To activate the harness, you need to install a 10-amp fuse, which is connected to the battery, and flip a toggle switch installed inside the center console in the car. I was told that this would keep the steering stabilizer on while the car was off and being towed.

I left Wisconsin on a trip to South Dakota. The battery went dead on the way. In my mind, once the battery was dead, then the steering stabilizer was no longer active either, since it had no power. Upon arrival in South Dakota, I struggled to gain entry to my car. I tried to re-engage the transfer case but was unable to. I had a small charger with me and after plugging into the battery, I was able to re-engage the transfer case … or so I thought. The lights said it was reset; however, when releasing the car from the motorhome, the car began to roll. After additional struggles, I was able to get the transfer case reset. The same thing happened on my return to Wisconsin. Then, the check engine light began appearing on my dashboard.

I took it back to the dealer and was advised that there were many codes for this and all of them were related to the wiring-harness fix. I was also told that since the battery keeps draining to a dead point, a couple more times of that will ruin the battery and at best I will need to replace it or it may not start at all. I have to say, I did not experience the wobble again, but it has now created a whole new set of problems.

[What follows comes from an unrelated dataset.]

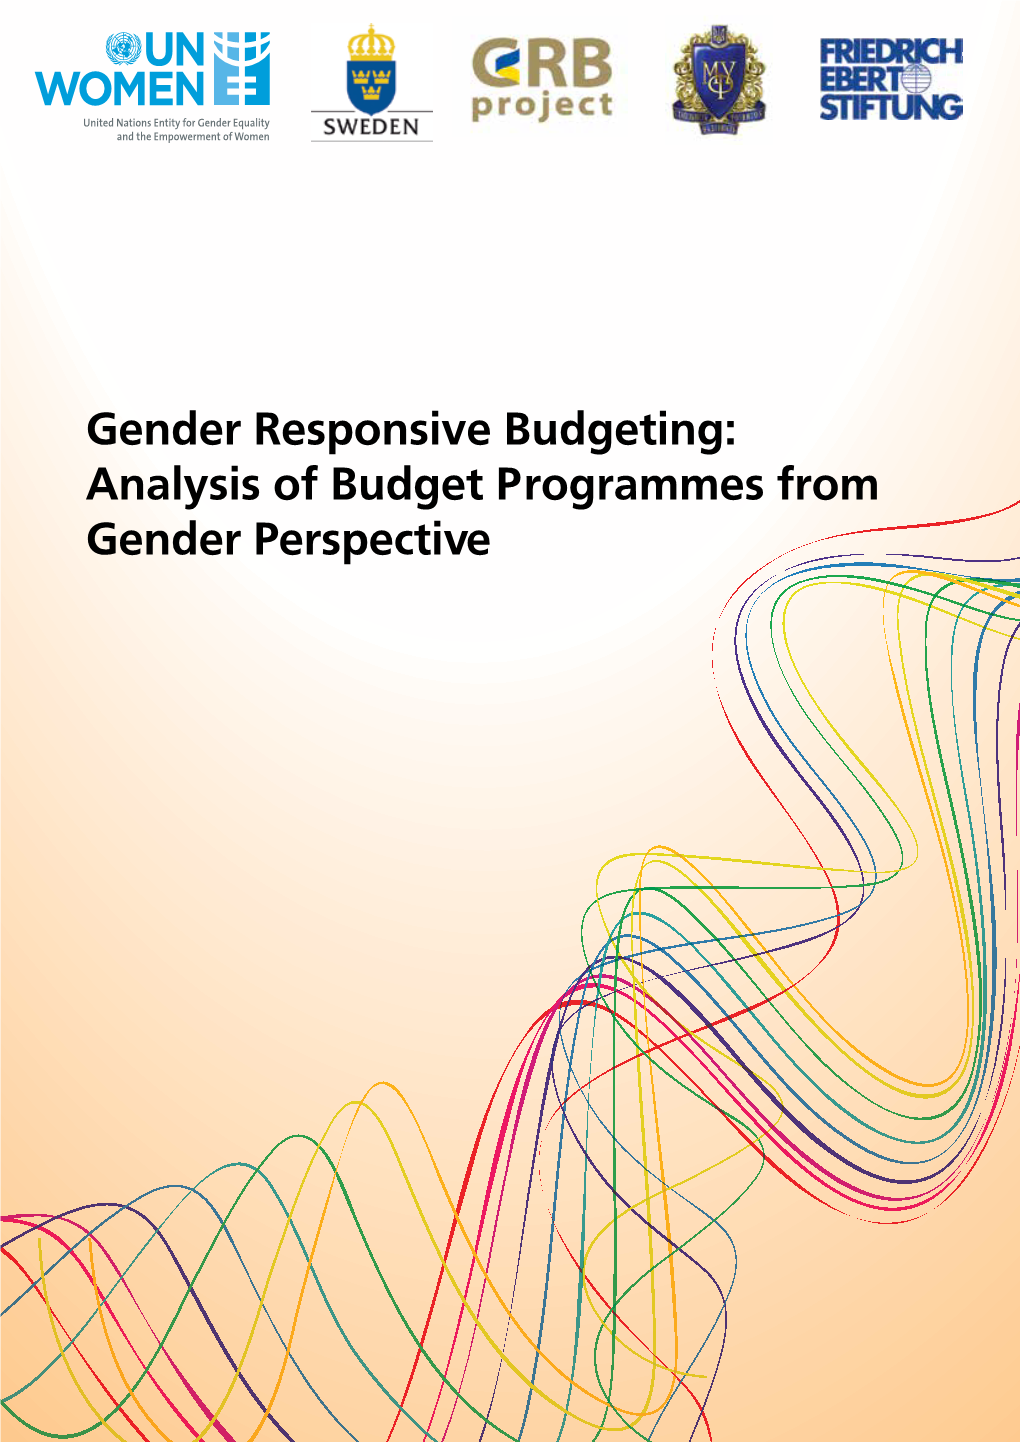 Analysis of Budget Programmes from Gender Perspective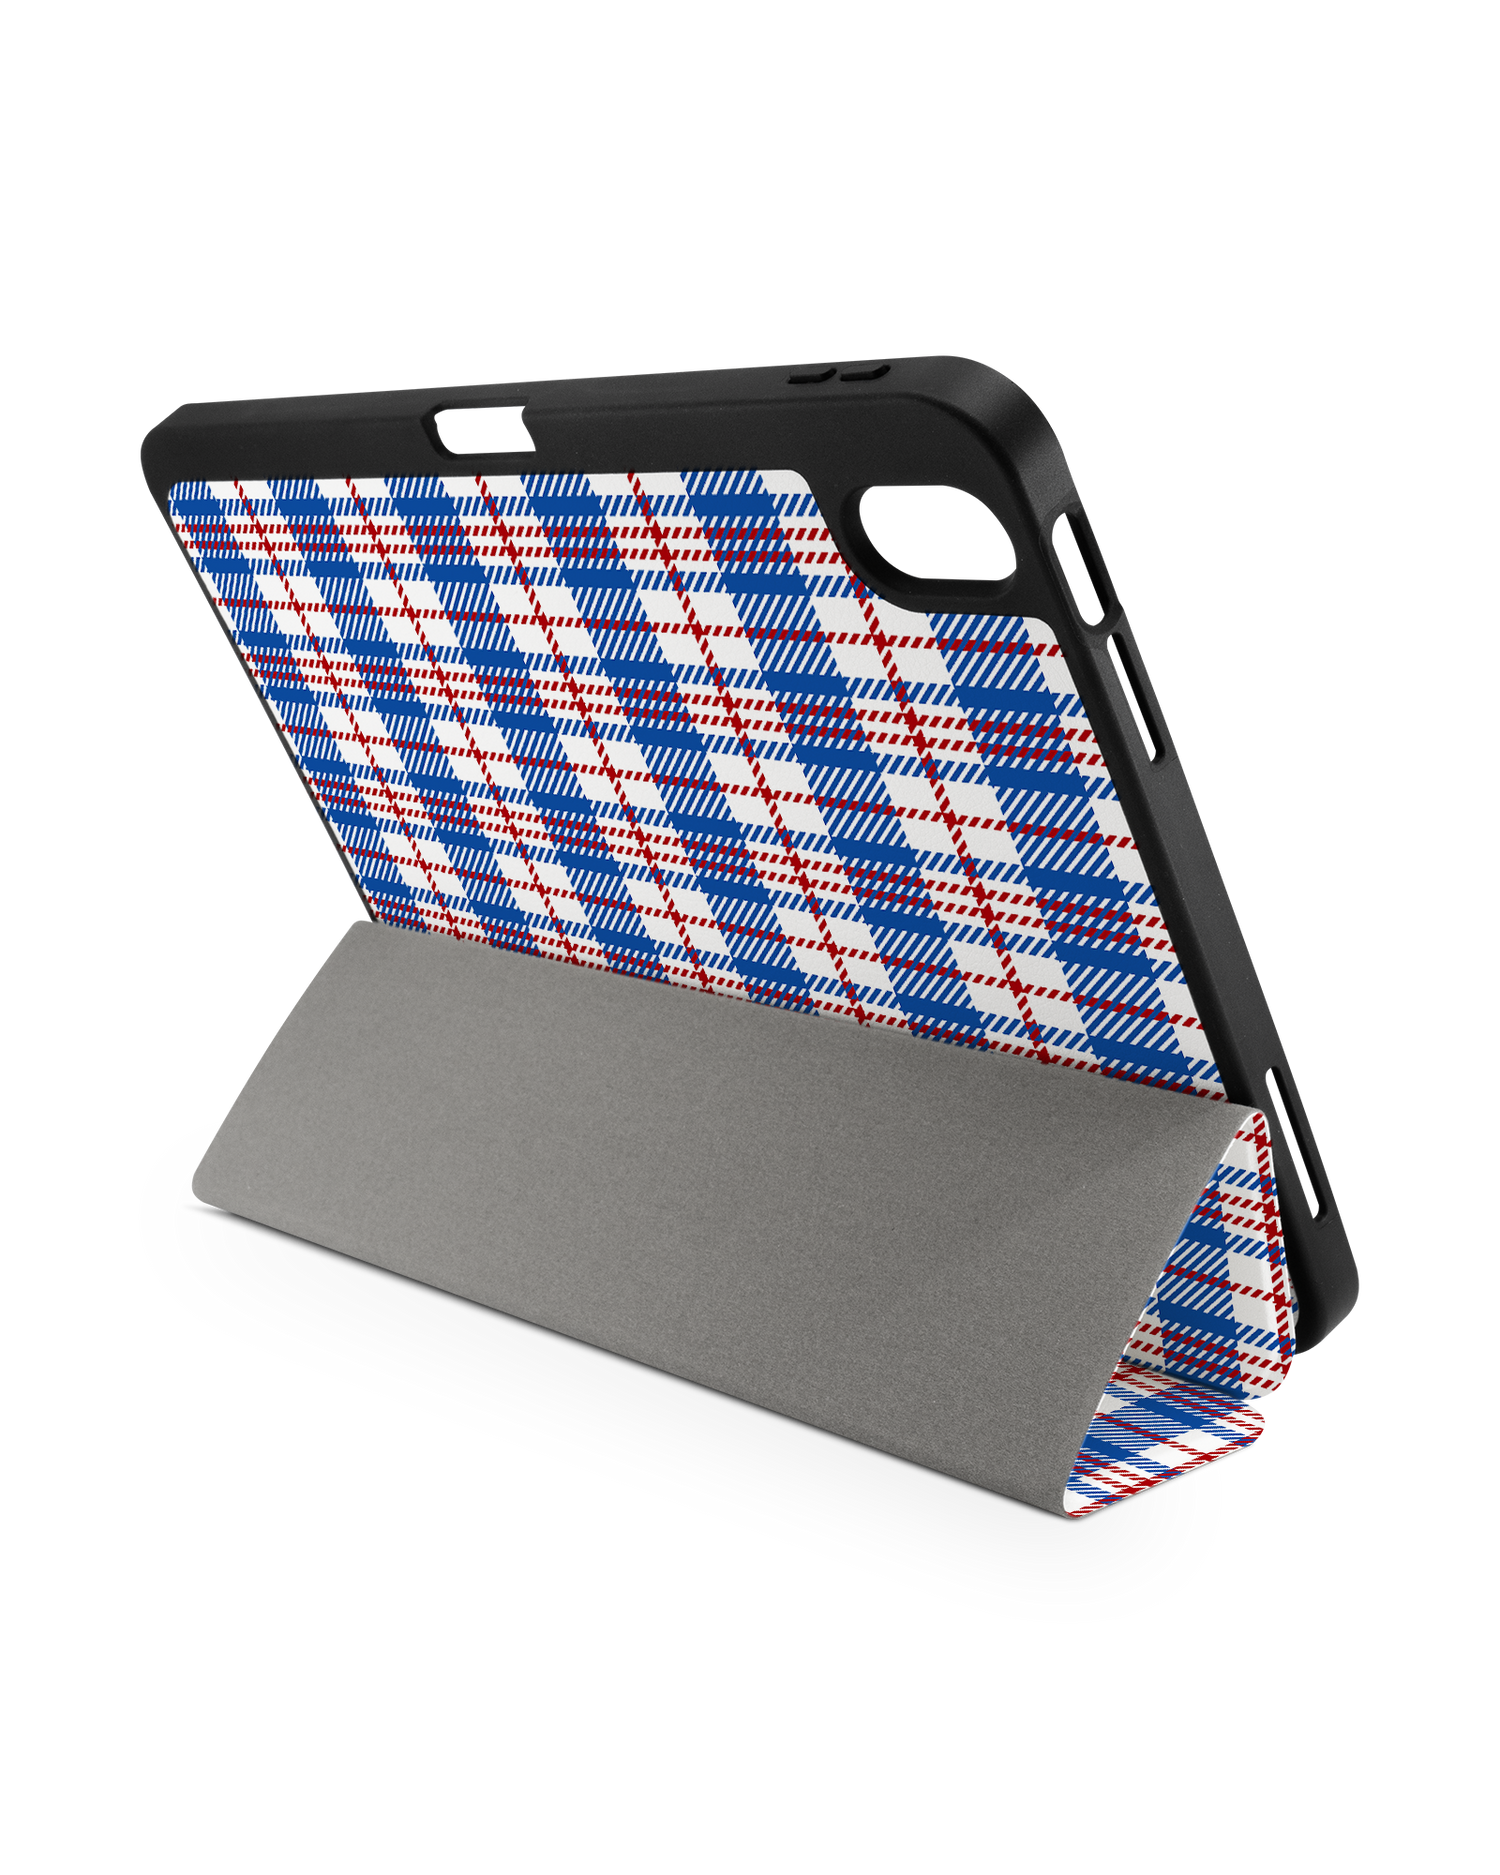 Plaid Market Bag iPad Case with Pencil Holder for Apple iPad (10th Generation): Set up in landscape format (back view)

I am worried about the safety of myself and other RVers who might think that this fixes the problem. I would like to see Chrysler get further involved to get this handled. Any RVers who have gotten the fix, please be aware that it can cause additional problems.

Harvey Piette | Clermont, Florida


Thanks for your useful firsthand report on this modification. I am truly disappointed that Jeep doesn’t step up and cover the cost of the auxiliary wiring harness, since it is necessary in order to safely allow dinghy towing, which the company claimed these vehicles were capable of and approved for. I agree that repeated deep discharges of the battery will ruin it; sometimes you only get one chance. You can fix the battery discharge problem by installing a charge line from the motorhome to the Jeep. Not only will this prevent the dead-battery problems, but it will also provide power for an auxiliary braking system, which you absolutely should have for safety reasons.